We will use the following model:

\[ f(x_1, x_2, x_3) = -x_1^2 \mathbb{1}_{x_2 <0} + x_1^2 \mathbb{1}_{x_2 \geq 0} + e^{x_3} \]

where the features $x_1, x_2, x_3$ are independent and uniformly distributed in the interval $[-1, 1]$.

The model has an interaction between $x_1$ and $x_2$ caused by the terms: $f_{1,2}(x_1, x_2) = -x_1^2 \mathbb{1}_{x_2 <0} + x_1^2 \mathbb{1}_{x_2 \geq 0}$. This means that the effect of $x_1$ on the output $y$ depends on the value of $x_2$ and vice versa. Therefore, there is no golden standard on how to split the effect of $f_{1,2}$ to two parts, one that corresponds to $x_1$ and one to $x_2$. Each global effect method has a different strategy to handle this issue. Below we will see how PDP, ALE, and RHALE handle this interaction.
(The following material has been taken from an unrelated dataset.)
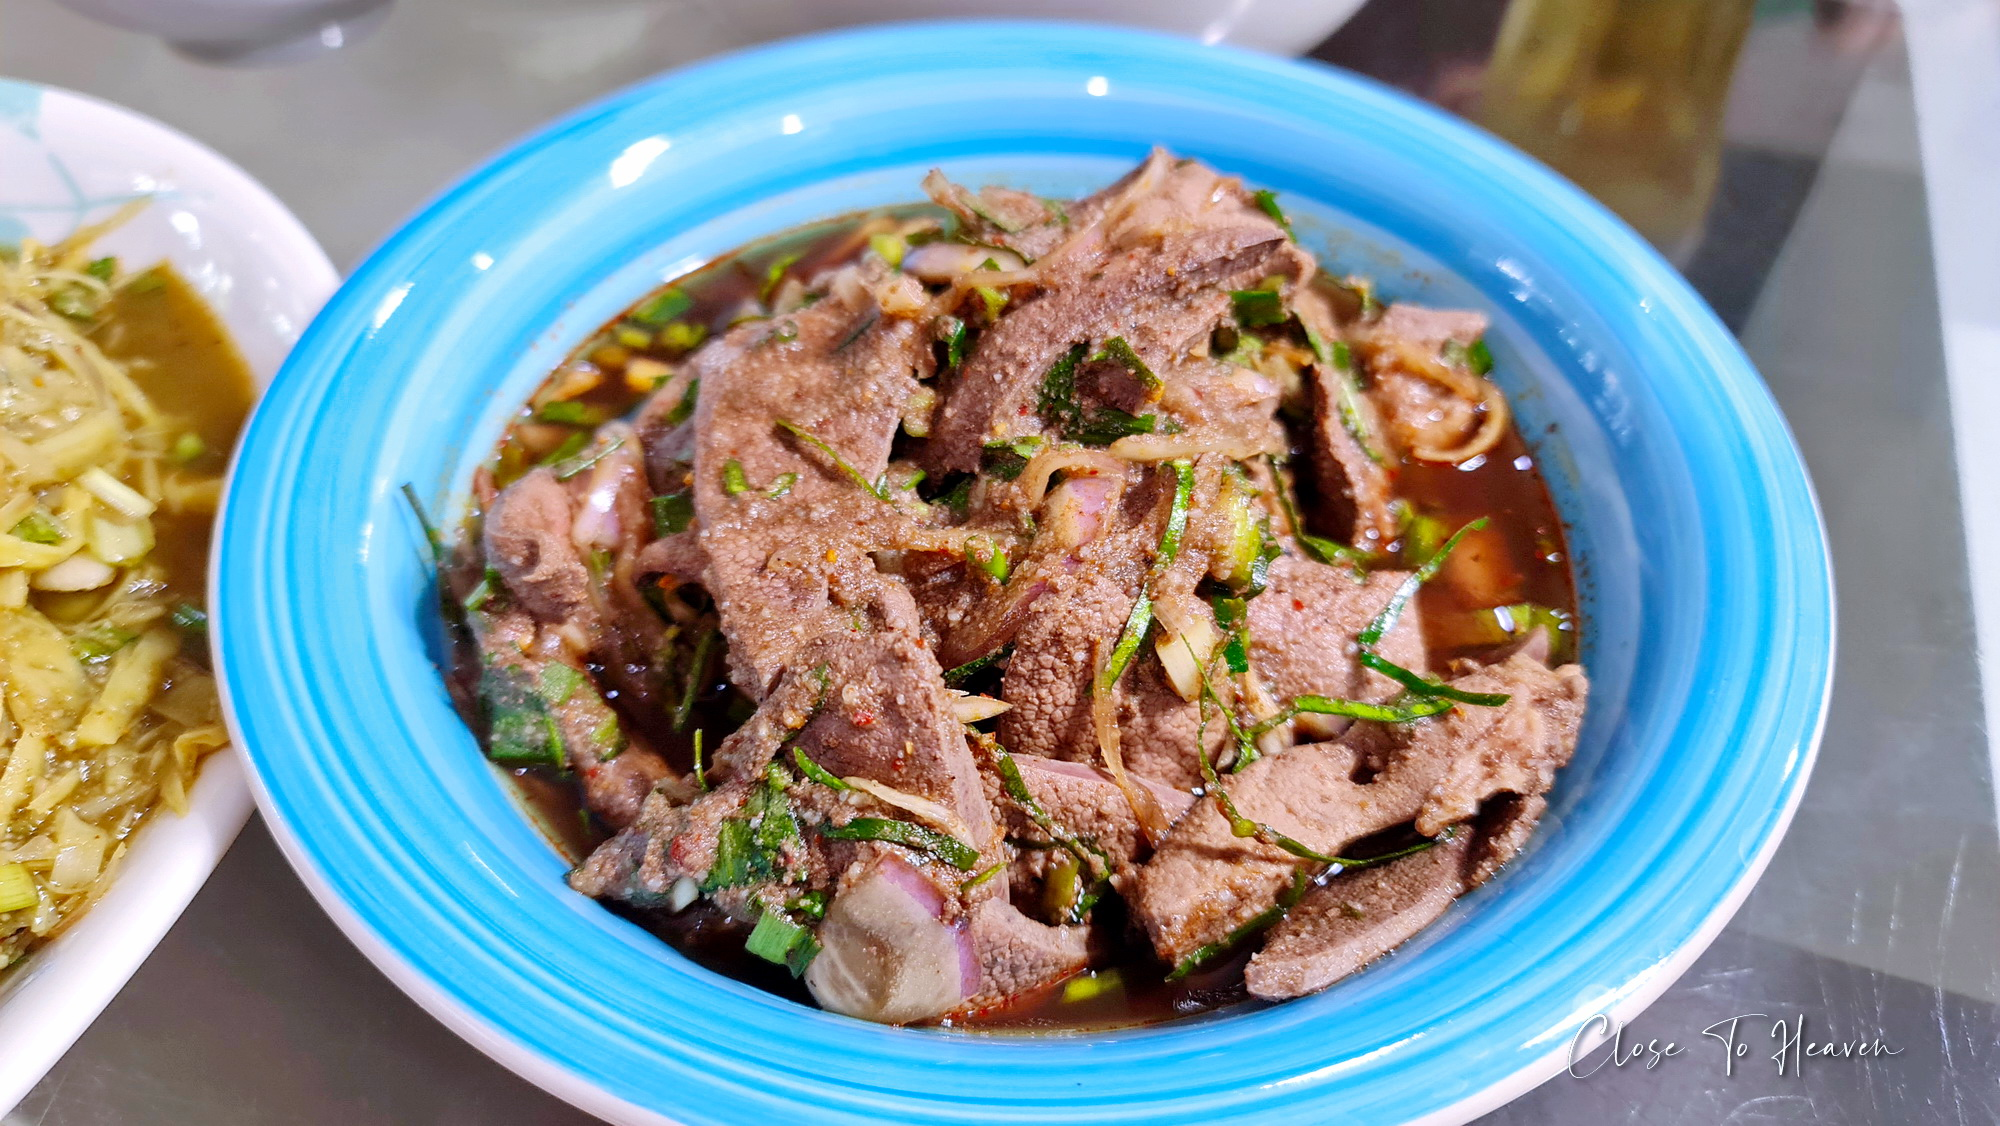 กอไผ่ ลาภยโส นนทบุรี 48 ซุบหน่อไม้และตับหวานที่อร่อยที่สุด

In contrast, $x_3$ does not interact with any other feature, so its effect can be easily computed as $e^{x_3}$.

import numpy as np
import matplotlib.pyplot as plt
import effector

np.random.seed(21)

model = effector.models.ConditionalInteraction()
dataset = effector.datasets.IndependentUniform(dim=3, low=-1, high=1)
x = dataset.generate_data(1_000)

PDP

Effector

Let's see below the PDP effects for each feature, using effector.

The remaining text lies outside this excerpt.